Records from a dataset.
########

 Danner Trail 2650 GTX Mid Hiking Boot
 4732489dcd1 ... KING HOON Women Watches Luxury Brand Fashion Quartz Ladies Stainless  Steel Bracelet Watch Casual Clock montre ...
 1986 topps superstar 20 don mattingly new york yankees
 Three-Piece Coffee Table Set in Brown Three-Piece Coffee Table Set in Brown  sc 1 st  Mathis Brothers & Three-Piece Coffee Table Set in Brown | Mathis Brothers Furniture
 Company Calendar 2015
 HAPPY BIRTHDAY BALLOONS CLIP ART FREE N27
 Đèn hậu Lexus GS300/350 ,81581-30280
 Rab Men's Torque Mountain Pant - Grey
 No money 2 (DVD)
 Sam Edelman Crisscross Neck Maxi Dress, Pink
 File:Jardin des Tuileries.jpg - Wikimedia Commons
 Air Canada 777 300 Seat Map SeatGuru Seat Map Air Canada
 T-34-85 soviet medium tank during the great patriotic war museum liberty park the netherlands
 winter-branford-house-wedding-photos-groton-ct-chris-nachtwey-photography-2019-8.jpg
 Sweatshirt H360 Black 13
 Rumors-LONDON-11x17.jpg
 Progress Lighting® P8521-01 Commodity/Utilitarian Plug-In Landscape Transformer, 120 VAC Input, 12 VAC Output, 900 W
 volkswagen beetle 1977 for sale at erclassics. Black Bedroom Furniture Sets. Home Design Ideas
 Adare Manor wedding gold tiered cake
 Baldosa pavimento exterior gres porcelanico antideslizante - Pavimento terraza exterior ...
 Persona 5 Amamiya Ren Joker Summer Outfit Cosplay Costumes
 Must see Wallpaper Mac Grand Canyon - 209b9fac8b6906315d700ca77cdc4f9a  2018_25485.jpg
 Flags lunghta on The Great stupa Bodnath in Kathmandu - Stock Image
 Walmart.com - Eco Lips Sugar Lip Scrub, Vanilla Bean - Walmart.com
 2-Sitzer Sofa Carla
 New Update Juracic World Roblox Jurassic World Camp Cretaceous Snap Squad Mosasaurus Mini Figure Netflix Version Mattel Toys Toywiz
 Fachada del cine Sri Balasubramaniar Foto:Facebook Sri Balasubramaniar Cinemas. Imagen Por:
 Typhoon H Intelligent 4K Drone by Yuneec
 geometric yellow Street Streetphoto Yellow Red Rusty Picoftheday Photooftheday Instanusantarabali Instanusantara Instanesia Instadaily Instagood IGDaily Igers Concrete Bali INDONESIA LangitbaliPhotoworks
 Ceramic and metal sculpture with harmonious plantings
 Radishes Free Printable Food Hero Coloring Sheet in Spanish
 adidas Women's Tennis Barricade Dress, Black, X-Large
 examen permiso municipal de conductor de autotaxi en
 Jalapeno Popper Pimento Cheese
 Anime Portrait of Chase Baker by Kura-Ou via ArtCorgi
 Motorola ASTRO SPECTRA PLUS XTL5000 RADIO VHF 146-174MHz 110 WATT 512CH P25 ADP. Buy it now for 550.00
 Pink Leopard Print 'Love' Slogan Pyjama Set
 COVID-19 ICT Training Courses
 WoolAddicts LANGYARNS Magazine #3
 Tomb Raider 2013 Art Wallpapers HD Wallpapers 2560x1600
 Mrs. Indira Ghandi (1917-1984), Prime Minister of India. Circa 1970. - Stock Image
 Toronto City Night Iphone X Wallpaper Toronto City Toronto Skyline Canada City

########

Task statement. Some lines above hold the word "Women". Copy all of them.

Task answer.
 4732489dcd1 ... KING HOON Women Watches Luxury Brand Fashion Quartz Ladies Stainless  Steel Bracelet Watch Casual Clock montre ...
 adidas Women's Tennis Barricade Dress, Black, X-Large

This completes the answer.